### Dataset entries
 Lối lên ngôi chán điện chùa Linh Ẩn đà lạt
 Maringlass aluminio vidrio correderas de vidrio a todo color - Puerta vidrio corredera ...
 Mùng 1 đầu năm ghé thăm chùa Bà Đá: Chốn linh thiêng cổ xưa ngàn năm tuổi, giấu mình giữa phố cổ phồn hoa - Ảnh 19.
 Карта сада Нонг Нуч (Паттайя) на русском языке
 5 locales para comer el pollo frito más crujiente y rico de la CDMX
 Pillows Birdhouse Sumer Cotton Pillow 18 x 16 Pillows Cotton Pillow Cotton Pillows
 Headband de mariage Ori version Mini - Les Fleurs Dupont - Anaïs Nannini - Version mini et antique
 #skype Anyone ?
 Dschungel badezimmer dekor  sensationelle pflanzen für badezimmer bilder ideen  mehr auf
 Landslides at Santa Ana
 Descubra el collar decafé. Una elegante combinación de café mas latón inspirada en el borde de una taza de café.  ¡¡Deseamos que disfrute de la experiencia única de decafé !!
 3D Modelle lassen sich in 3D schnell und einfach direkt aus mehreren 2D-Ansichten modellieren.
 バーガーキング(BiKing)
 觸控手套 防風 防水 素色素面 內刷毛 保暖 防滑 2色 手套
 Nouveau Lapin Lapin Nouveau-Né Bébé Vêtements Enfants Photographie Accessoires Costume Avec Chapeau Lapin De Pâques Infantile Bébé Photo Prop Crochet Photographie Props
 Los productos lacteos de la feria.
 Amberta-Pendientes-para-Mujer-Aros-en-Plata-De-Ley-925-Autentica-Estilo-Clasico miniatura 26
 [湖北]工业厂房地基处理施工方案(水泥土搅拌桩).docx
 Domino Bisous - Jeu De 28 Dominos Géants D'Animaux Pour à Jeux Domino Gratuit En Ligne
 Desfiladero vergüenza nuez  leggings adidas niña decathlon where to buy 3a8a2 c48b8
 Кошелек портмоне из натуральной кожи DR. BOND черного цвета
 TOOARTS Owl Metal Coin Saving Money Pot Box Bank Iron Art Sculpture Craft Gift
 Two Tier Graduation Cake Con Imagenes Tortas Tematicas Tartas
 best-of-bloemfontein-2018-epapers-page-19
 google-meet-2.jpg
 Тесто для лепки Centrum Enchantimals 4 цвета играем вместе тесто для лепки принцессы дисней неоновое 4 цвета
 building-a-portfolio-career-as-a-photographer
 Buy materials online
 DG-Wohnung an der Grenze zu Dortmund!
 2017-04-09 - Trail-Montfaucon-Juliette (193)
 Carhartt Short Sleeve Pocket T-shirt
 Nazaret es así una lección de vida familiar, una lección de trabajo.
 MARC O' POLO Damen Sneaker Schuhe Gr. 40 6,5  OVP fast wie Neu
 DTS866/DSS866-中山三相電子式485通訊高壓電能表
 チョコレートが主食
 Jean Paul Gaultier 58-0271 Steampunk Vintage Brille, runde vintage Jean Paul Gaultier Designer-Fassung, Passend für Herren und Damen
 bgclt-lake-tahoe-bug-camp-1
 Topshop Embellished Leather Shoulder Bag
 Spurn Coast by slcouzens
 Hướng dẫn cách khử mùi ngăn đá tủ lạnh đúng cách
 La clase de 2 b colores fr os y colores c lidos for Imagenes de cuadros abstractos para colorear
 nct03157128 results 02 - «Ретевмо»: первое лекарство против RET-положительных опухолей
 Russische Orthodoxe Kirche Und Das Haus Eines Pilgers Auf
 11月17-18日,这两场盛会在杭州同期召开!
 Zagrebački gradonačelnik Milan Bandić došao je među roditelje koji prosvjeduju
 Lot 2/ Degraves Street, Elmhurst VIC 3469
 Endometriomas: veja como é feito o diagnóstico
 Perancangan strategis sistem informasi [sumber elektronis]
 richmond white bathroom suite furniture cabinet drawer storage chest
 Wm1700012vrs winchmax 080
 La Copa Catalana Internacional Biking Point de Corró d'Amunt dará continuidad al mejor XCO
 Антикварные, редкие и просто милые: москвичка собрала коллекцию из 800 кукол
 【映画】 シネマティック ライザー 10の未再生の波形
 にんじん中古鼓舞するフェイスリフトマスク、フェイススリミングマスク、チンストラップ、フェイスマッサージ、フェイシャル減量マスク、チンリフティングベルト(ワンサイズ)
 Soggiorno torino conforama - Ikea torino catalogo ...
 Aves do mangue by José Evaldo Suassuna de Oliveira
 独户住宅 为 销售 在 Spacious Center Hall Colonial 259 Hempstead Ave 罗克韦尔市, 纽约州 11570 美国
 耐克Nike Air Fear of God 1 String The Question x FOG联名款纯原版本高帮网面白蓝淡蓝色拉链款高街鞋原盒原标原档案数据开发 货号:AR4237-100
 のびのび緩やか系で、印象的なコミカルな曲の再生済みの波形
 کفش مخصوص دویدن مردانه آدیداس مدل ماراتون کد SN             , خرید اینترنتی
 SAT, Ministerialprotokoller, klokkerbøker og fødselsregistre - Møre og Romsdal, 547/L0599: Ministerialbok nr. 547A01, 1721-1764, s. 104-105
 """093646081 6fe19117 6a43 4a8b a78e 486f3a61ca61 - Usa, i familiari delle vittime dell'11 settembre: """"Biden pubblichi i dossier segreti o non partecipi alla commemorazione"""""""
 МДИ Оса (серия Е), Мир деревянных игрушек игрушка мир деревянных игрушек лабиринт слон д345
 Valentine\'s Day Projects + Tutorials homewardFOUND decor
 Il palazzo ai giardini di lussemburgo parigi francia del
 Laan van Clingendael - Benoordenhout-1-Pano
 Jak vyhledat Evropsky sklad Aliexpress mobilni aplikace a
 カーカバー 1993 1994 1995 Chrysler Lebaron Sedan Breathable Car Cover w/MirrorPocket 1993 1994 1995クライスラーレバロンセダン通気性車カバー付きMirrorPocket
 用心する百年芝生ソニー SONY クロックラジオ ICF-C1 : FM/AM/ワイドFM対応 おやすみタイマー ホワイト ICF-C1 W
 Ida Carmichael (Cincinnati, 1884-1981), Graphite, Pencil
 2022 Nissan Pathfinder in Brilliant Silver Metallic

### Goal of the exercise
Across the listing above, in how many lines does the string "Damen" occur? Give the number only.

### Result below
2